▸ **Exercise aim**
The reply should contain every line of the data, repeated exactly, and no pictures.

(Dataset content Opens)

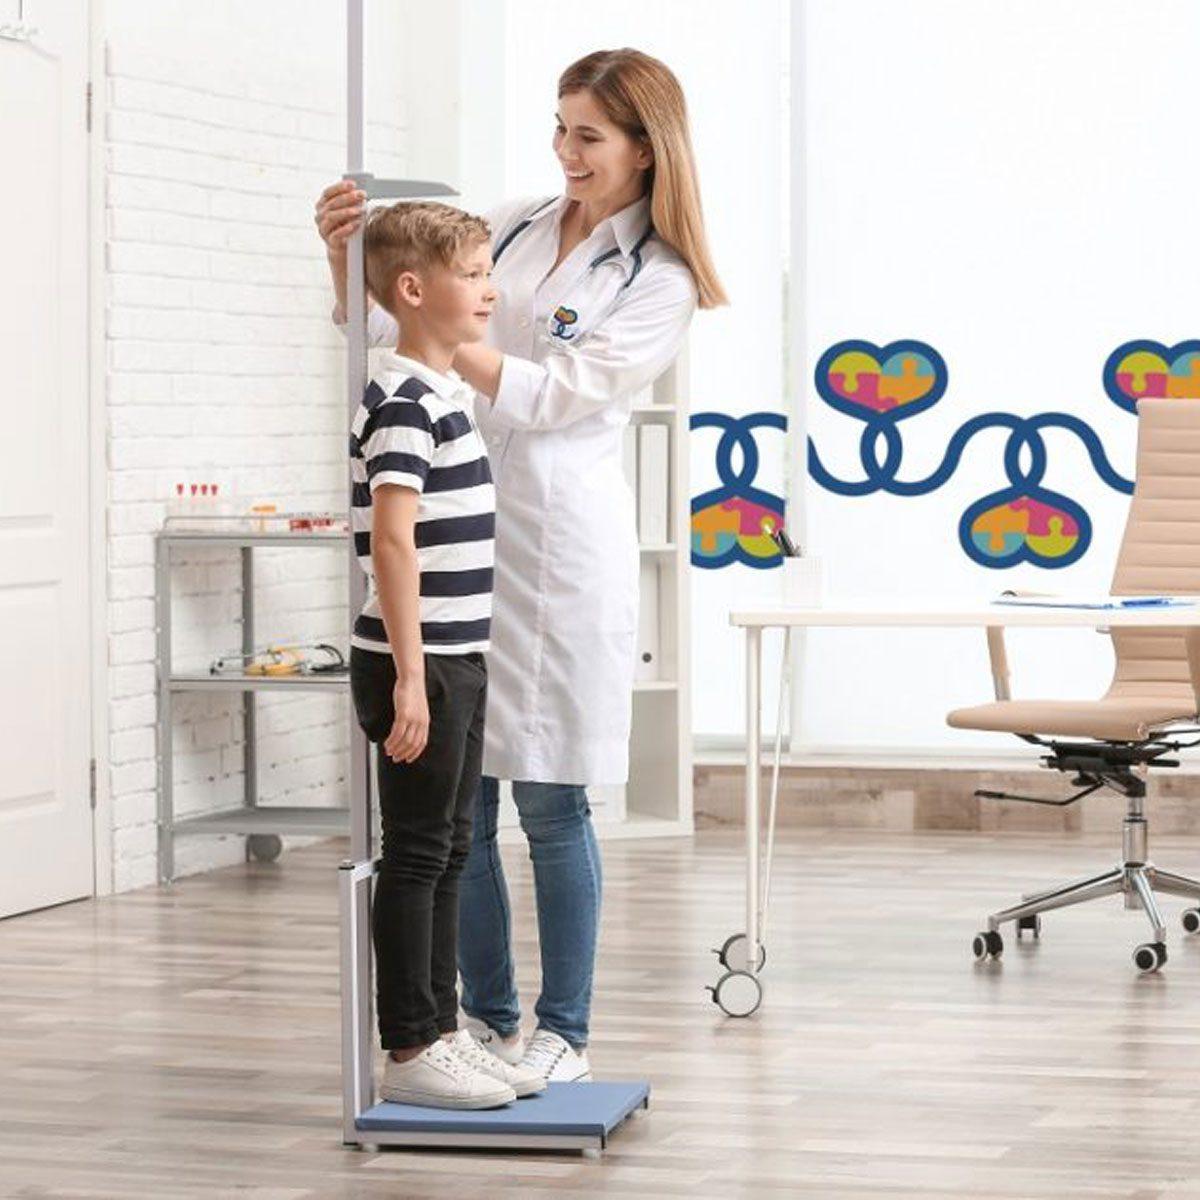 cuanto cuesta una enfermera escolar
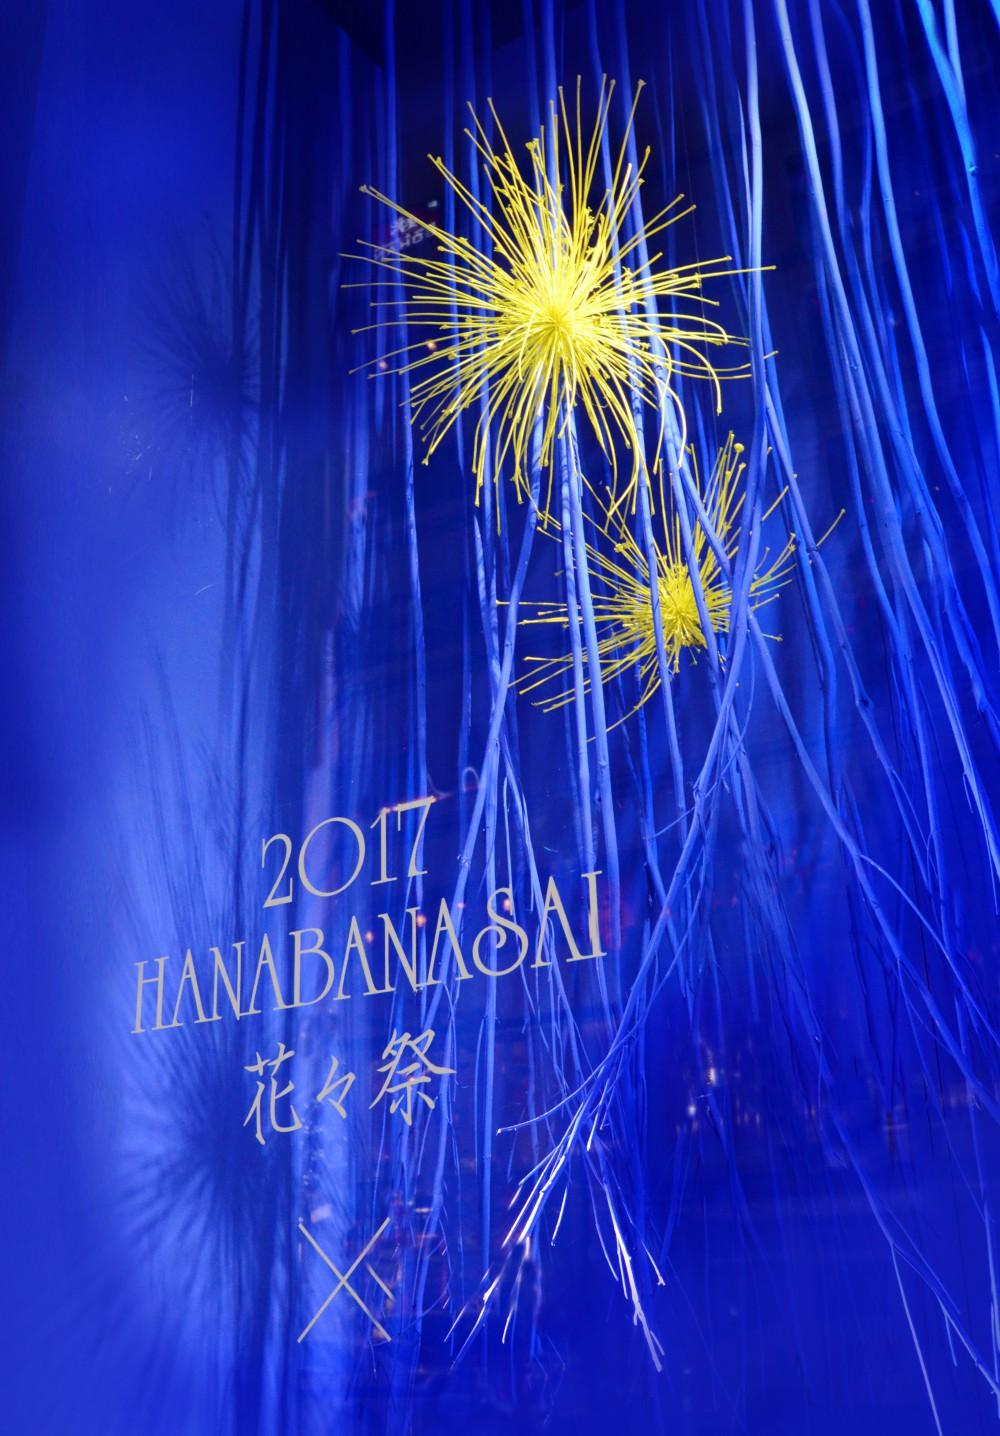 HANABANASAI 2017
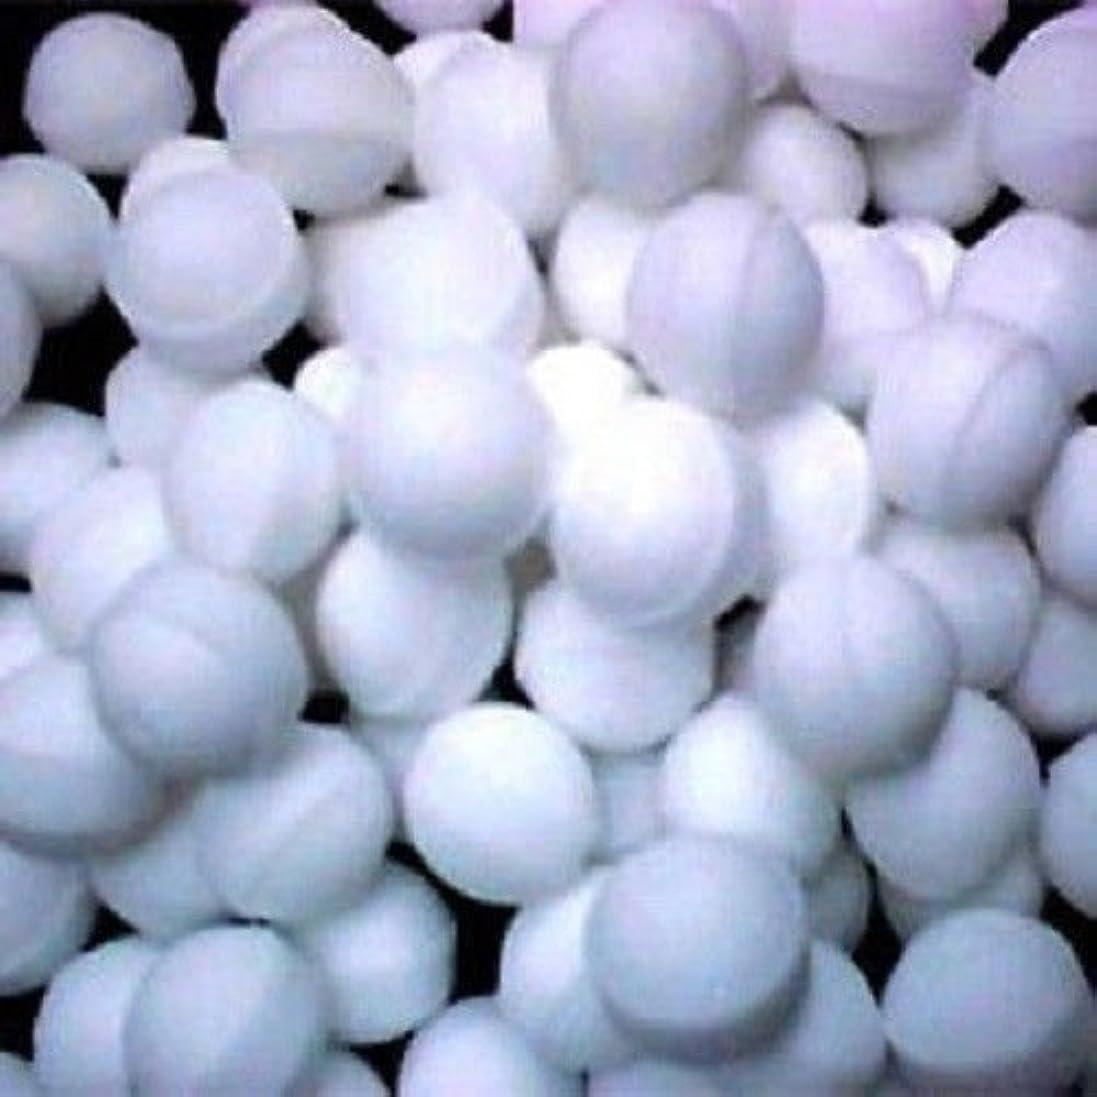 レパートリー学部署名Naphthalene Balls, Moth Balls,snow White,toilets,cupboards,books,cloth Mothballs- 50 Balls 100g Pack by Eagle...

(Dataset content Closes)

▸ **Result of this task**
 cuanto cuesta una enfermera escolar
 HANABANASAI 2017
 レパートリー学部署名Naphthalene Balls, Moth Balls,snow White,toilets,cupboards,books,cloth Mothballs- 50 Balls 100g Pack by Eagle...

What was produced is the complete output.